Challenges & Considerations
- Harsh Environmental Conditions — Construction sites are among the most challenging imaging environments: dust, mud, direct sunlight, rain, fog, and rapidly changing lighting degrade image quality and reduce the reliability of CV models trained primarily on clean indoor datasets. Robust deployment requires hardware and models specifically tuned for outdoor site conditions.
- Worker Privacy and Union Relations — Continuous video surveillance of workers raises significant privacy concerns and has met resistance from labor unions in several markets. Implementations must navigate legal frameworks around workplace monitoring, often requiring explicit consent, data minimization practices, and transparent policies about how footage is retained and used.
- Integration with Existing Workflows — Most construction projects run on a fragmented stack of scheduling tools, BIM software, accounting systems, and subcontractor-specific platforms. Delivering CV insights in ways that project teams actually use — rather than in yet another dashboard — requires deep integration work that adds cost and complexity to deployments.
- Model Generalization Across Project Types — A CV model trained on high-rise concrete construction may perform poorly on a highway interchange or a hospital interior fit-out. The diversity of construction work means that vendors must either build large, generalizable models or invest heavily in domain-specific fine-tuning for each project type.
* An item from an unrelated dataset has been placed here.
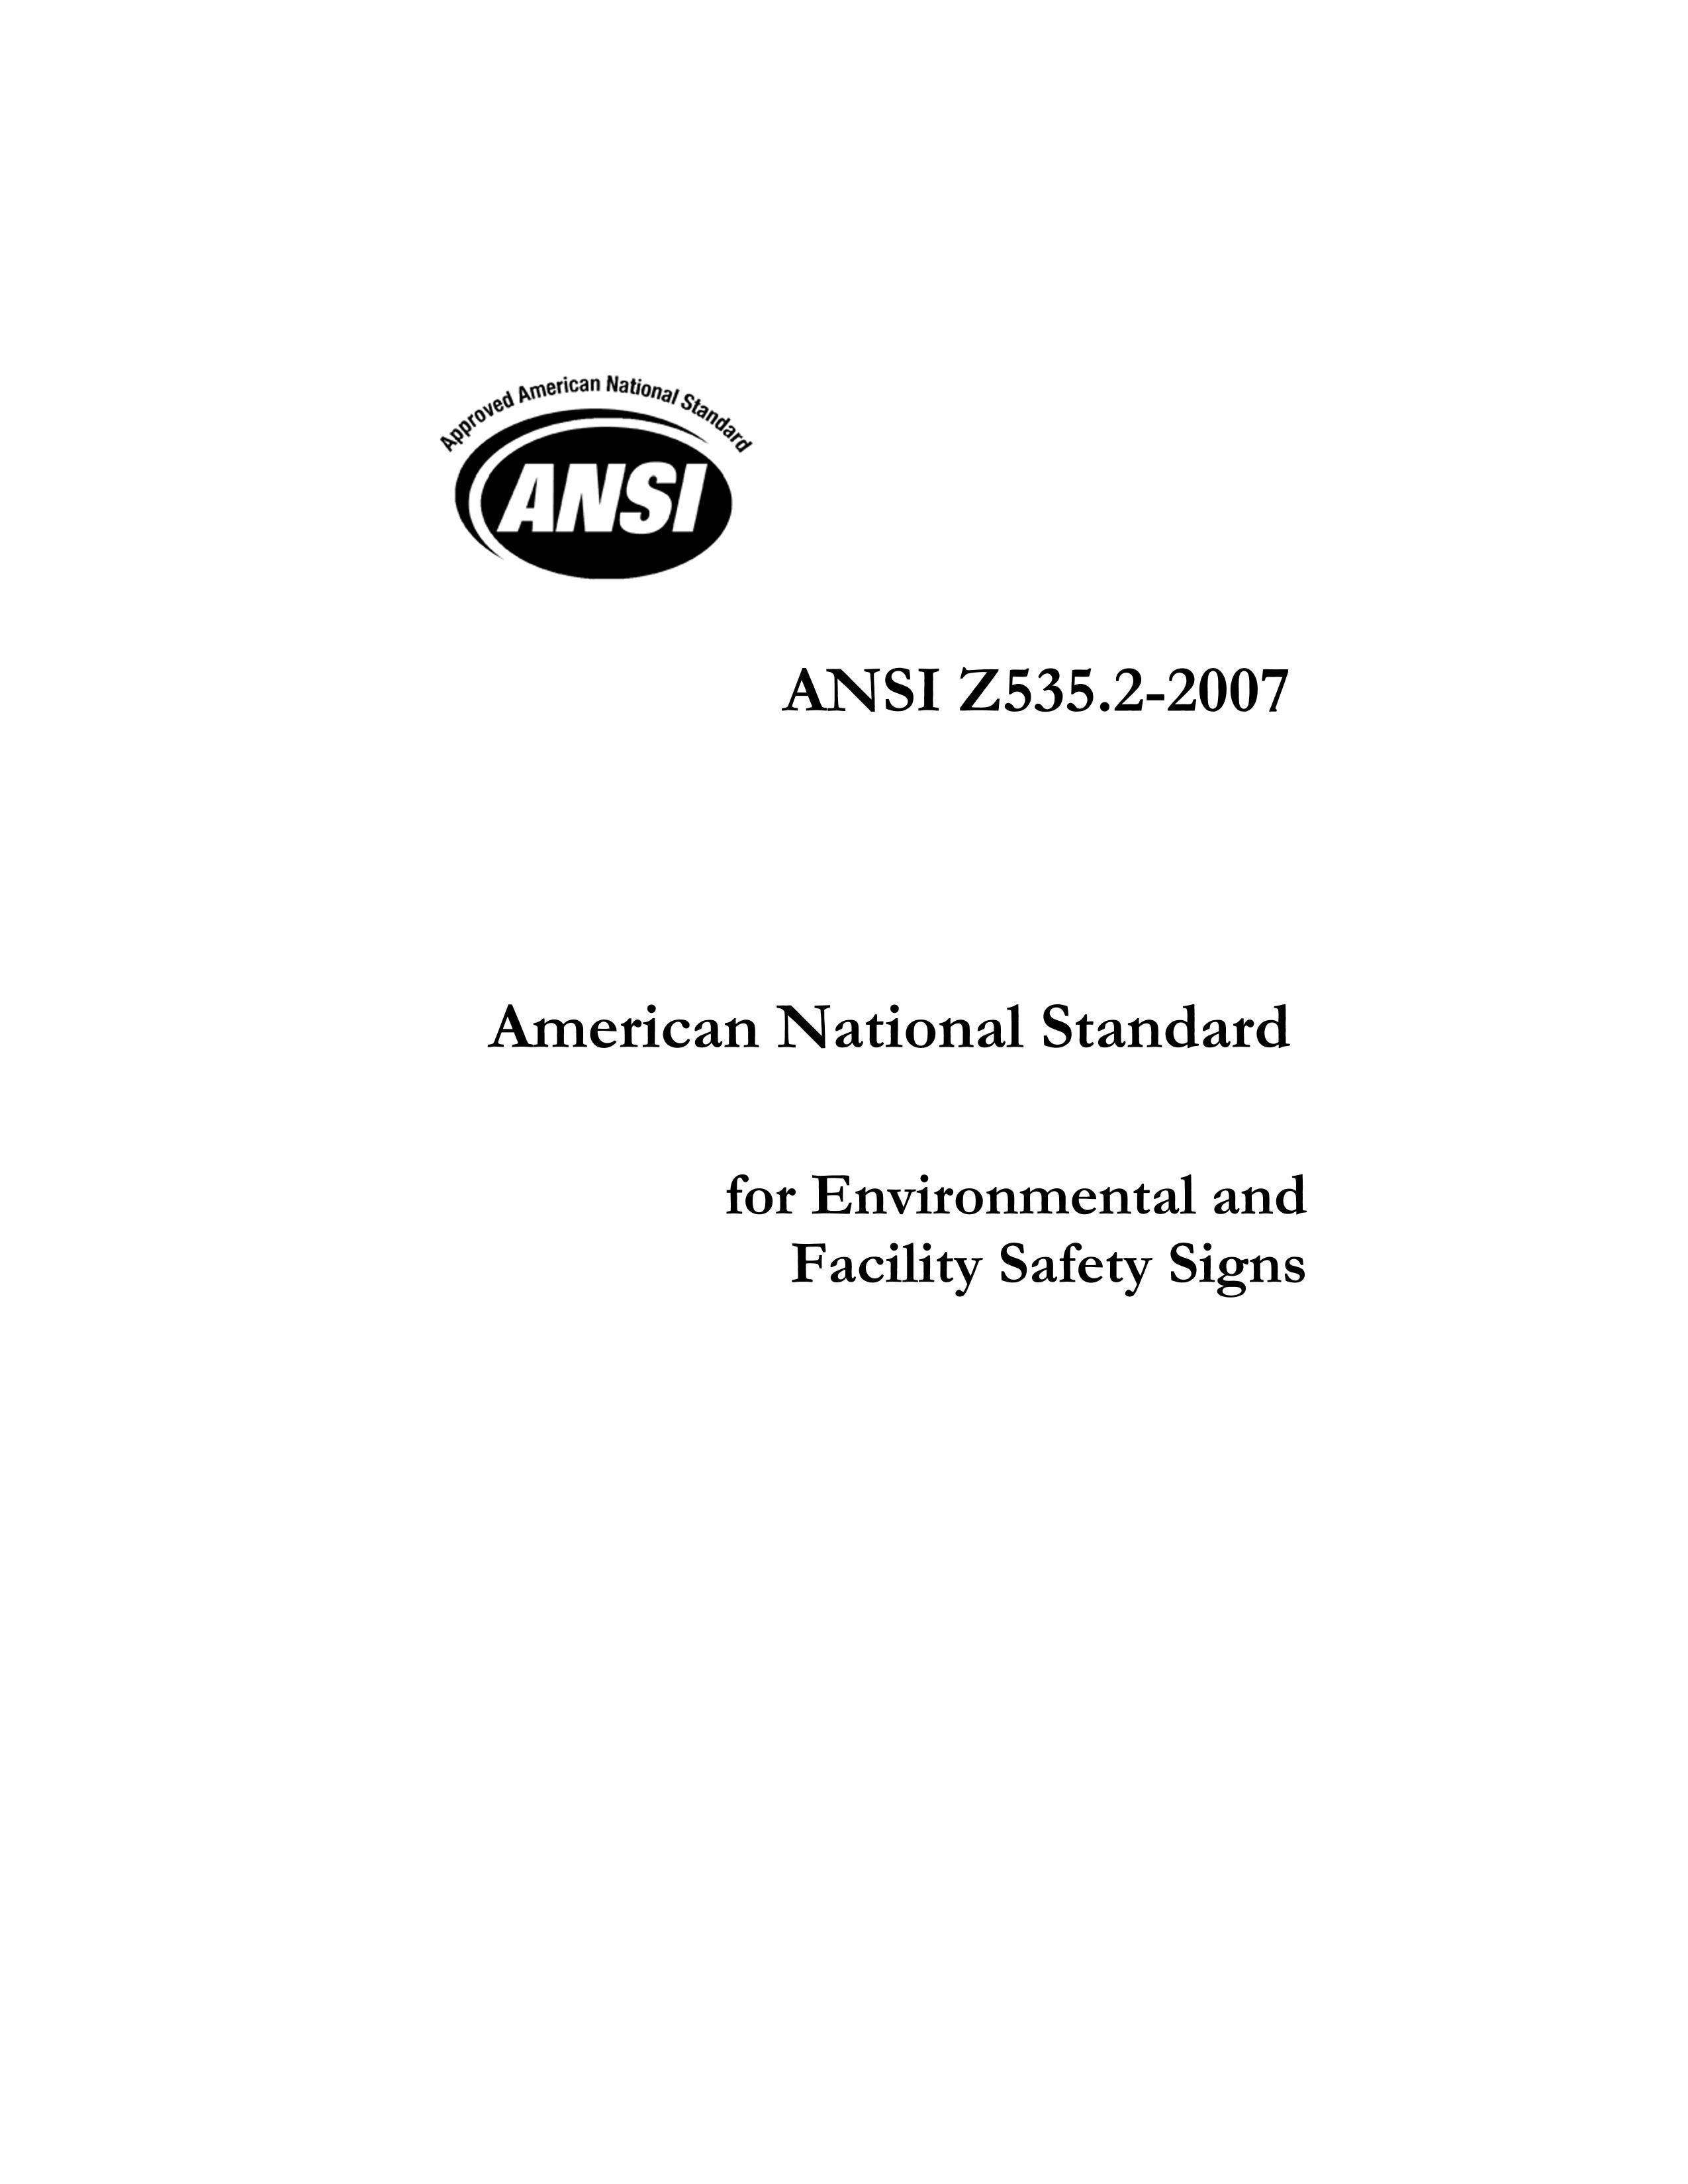 ANSI Z535.2-2007 American National Standard for Environmental and Facility Safety Signs.pdf1ҳ

- Connectivity and Data Volume — Processing high-resolution video from dozens of site cameras generates enormous data volumes. Many construction sites — particularly in infrastructure and remote locations — have limited or intermittent internet connectivity, making real-time cloud processing impractical and requiring edge computing solutions that add hardware cost.
- Demonstrating ROI to Risk-Averse Buyers — Construction firms operate on thin margins and are historically conservative technology adopters. Quantifying the return on investment from reduced injury rates, avoided rework, and schedule improvements requires robust baseline data that many organizations do not systematically collect, making the business case difficult to prove in advance.